Controlling for possible confounding
Controlling for possible confounding
The purpose of random assignment is to create two or more treatment groups that are
similar at baseline with respect to prognosis. Studies with small sample sizes are
more prone to have unbalanced prognostic factors between groups. Furthermore, non-random
(cohort) studies, no matter how large, are likely to have differences in characteristics
between groups that could influence prognosis. In either situation, investigators
should evaluate the distribution of all known baseline prognostic factors in the treatment
and control groups. If differences are substantial, look for an analysis that adjusts
for these differences using regression or stratified analysis. These analyses control
for possible confounding due to unequal distribution of baseline prognostic factors.
Putting it together
The highest class of evidence (the lowest risk of bias) for EBSJ is Level I, defined
as a good quality RCT. A good quality RCT demonstrates all principles discussed above.

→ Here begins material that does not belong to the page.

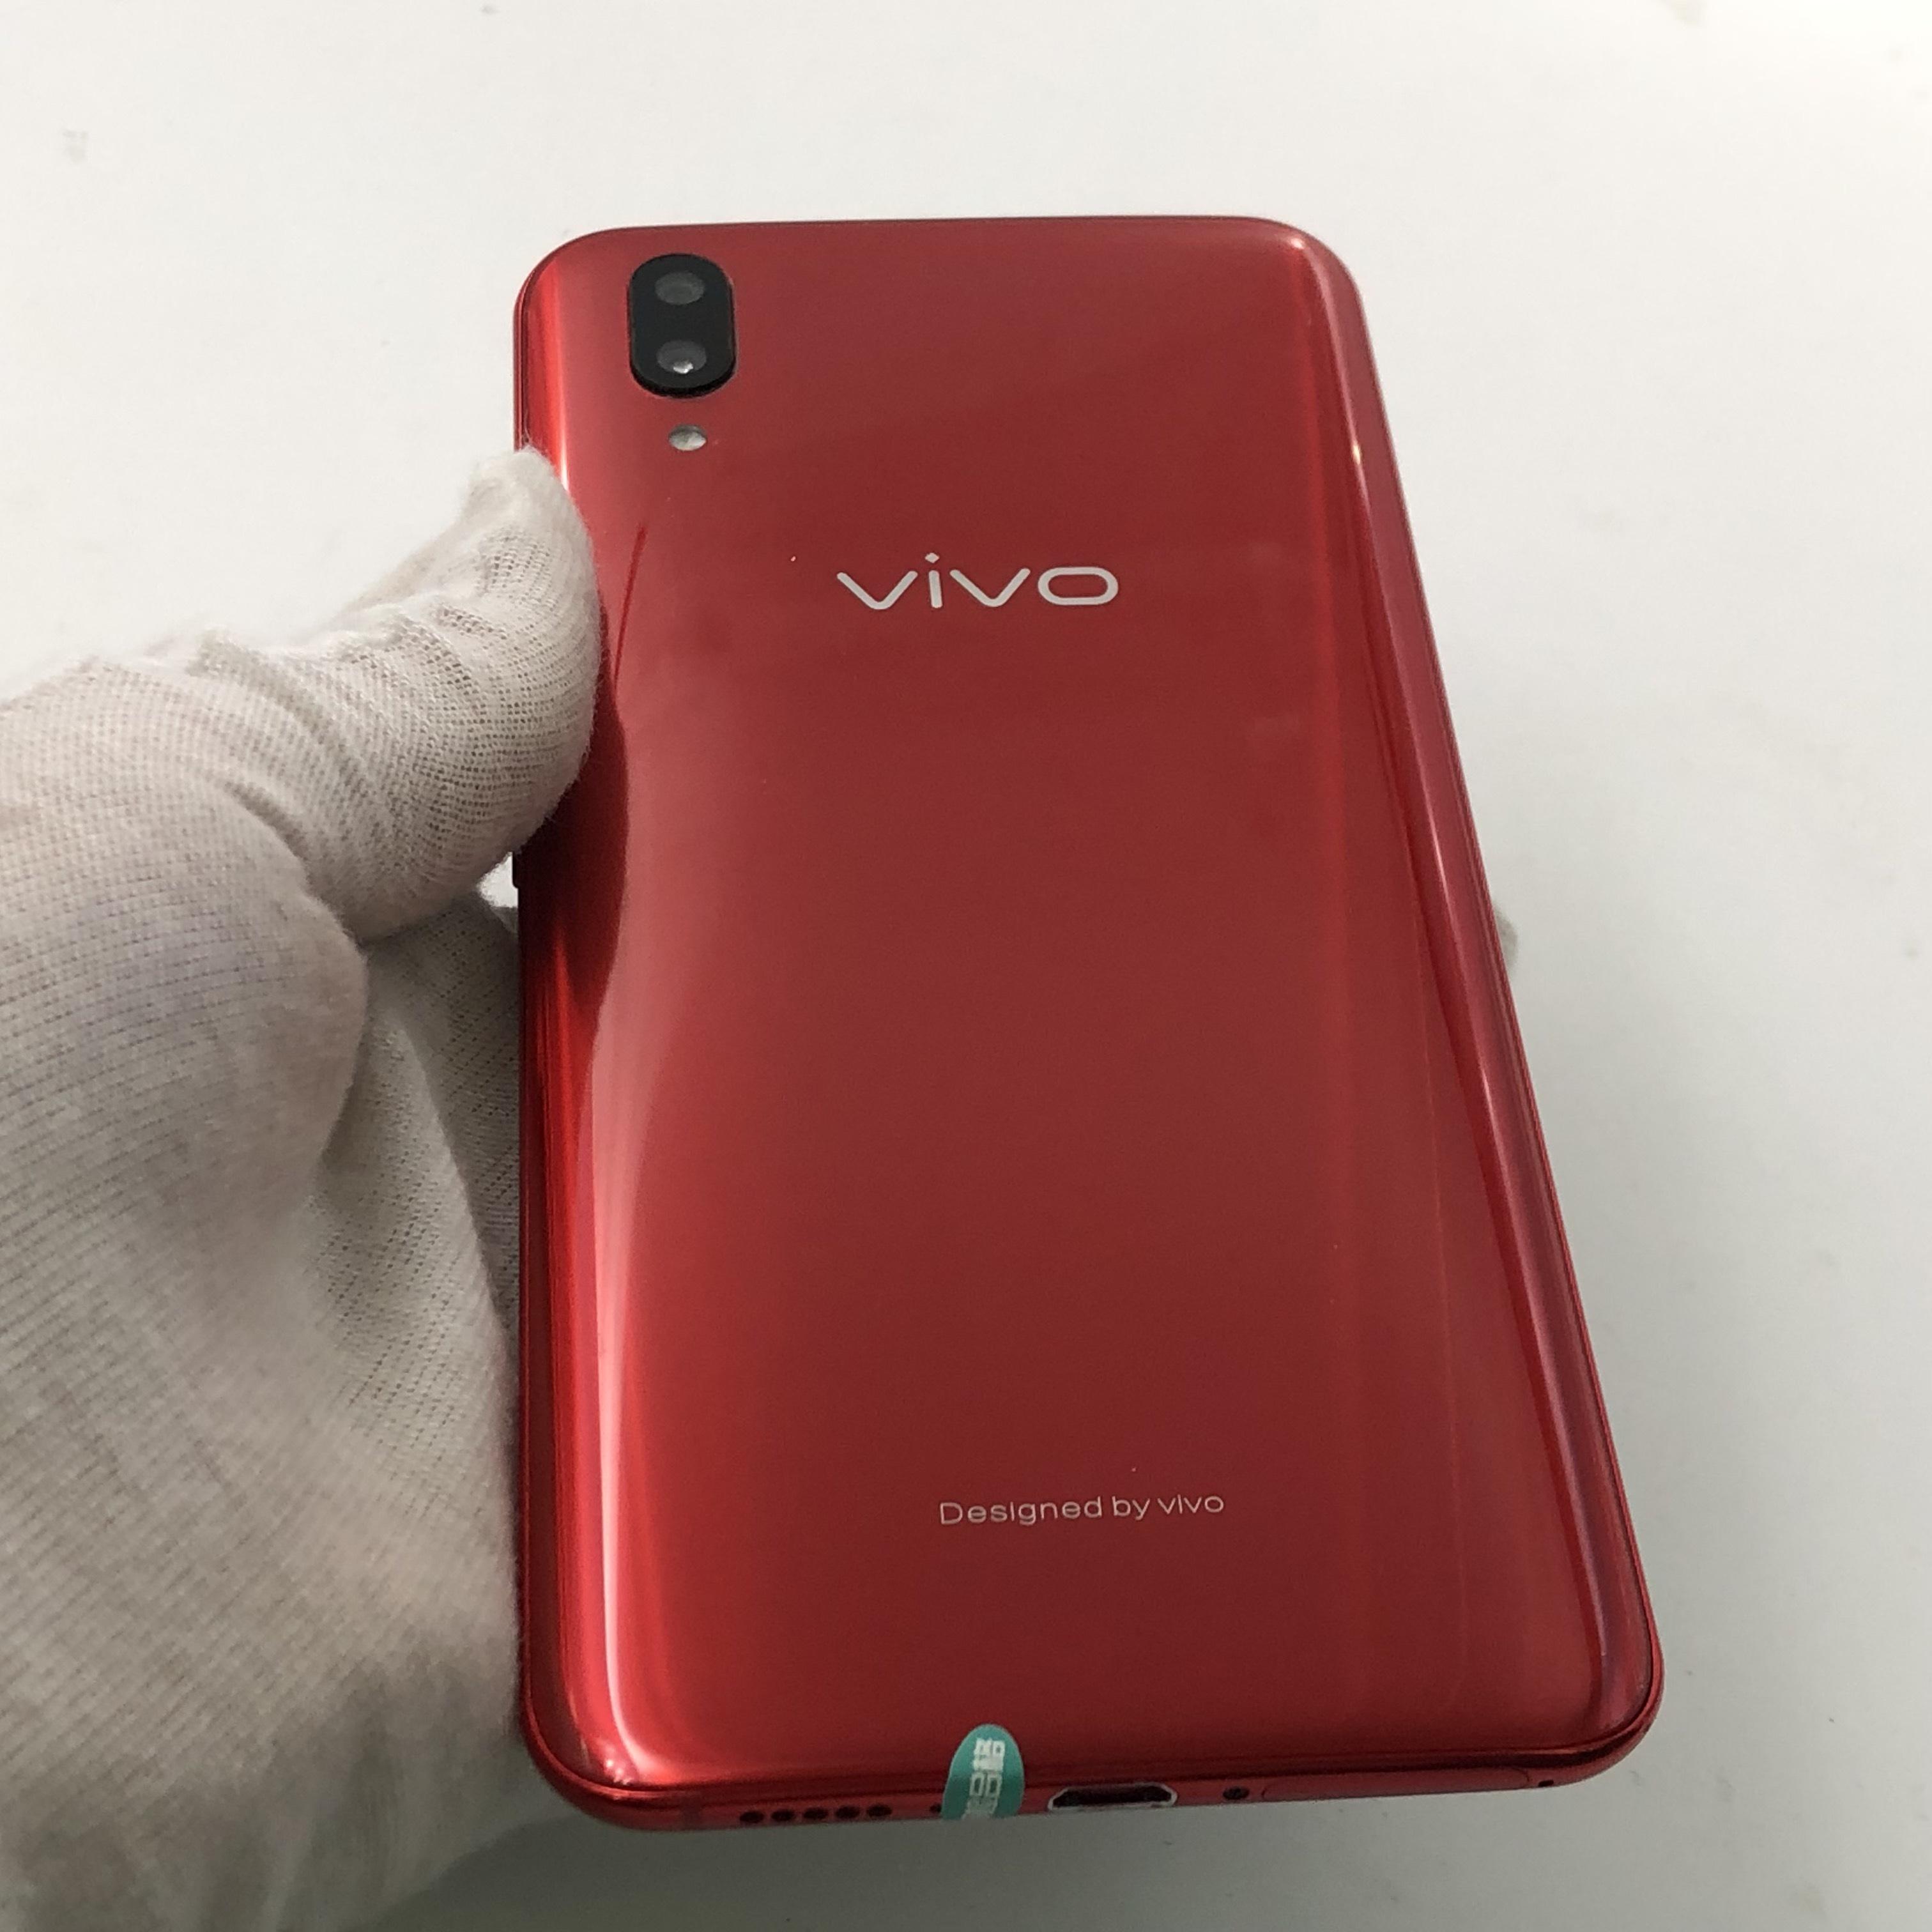 vivo【vivo X21 屏幕指纹版】4G全网通 红色 128G 国行 9成新

A Level II study is either a RCT that violates any of the above criteria, or a good
quality cohort study that includes blind or independent assessment, follow-up rate
of ≥ 85%, adequate sample size, and controlling for possible confounding. A violation
of any of the principles establishing a good quality cohort study reduces it to a
Level III study. Likewise, all case-control studies are considered Level III studies
when assessing therapeutic effectiveness and safety. Finally, all case series are
considered Level IV studies since there are no controls with which comparisons can
be made.
With these principles clearly stated, it must be recognized that randomized controlled
surgical trials present problems not seen in pharmaceutical trials. Barriers that
make RCTs involving surgery difficult to design and perform are well documented [6], [7]. It is clear that the scientific spine community cannot perform RCTs to answer every
clinical inquiry. This begs a bigger question: how does the scientific spine community
prioritize
potential trials weighing the resources required to conduct the trial and the value
of the information likely gained? Some have suggested that at least three lines of
inquiry are required: (1) evaluation of the information that would be gained if the
trial was executed successfully, (2) feasibility of the study, and (3) the resource
cost of conducting the study [8]. In addition to prioritizing RCT topics, spine surgeons need to improve the quality
of non-randomized comparative studies. In doing so, not only will the spine community
get closer to the truth of the effectiveness of treatment but it will also be able
to apply the results to a wider, real-world population.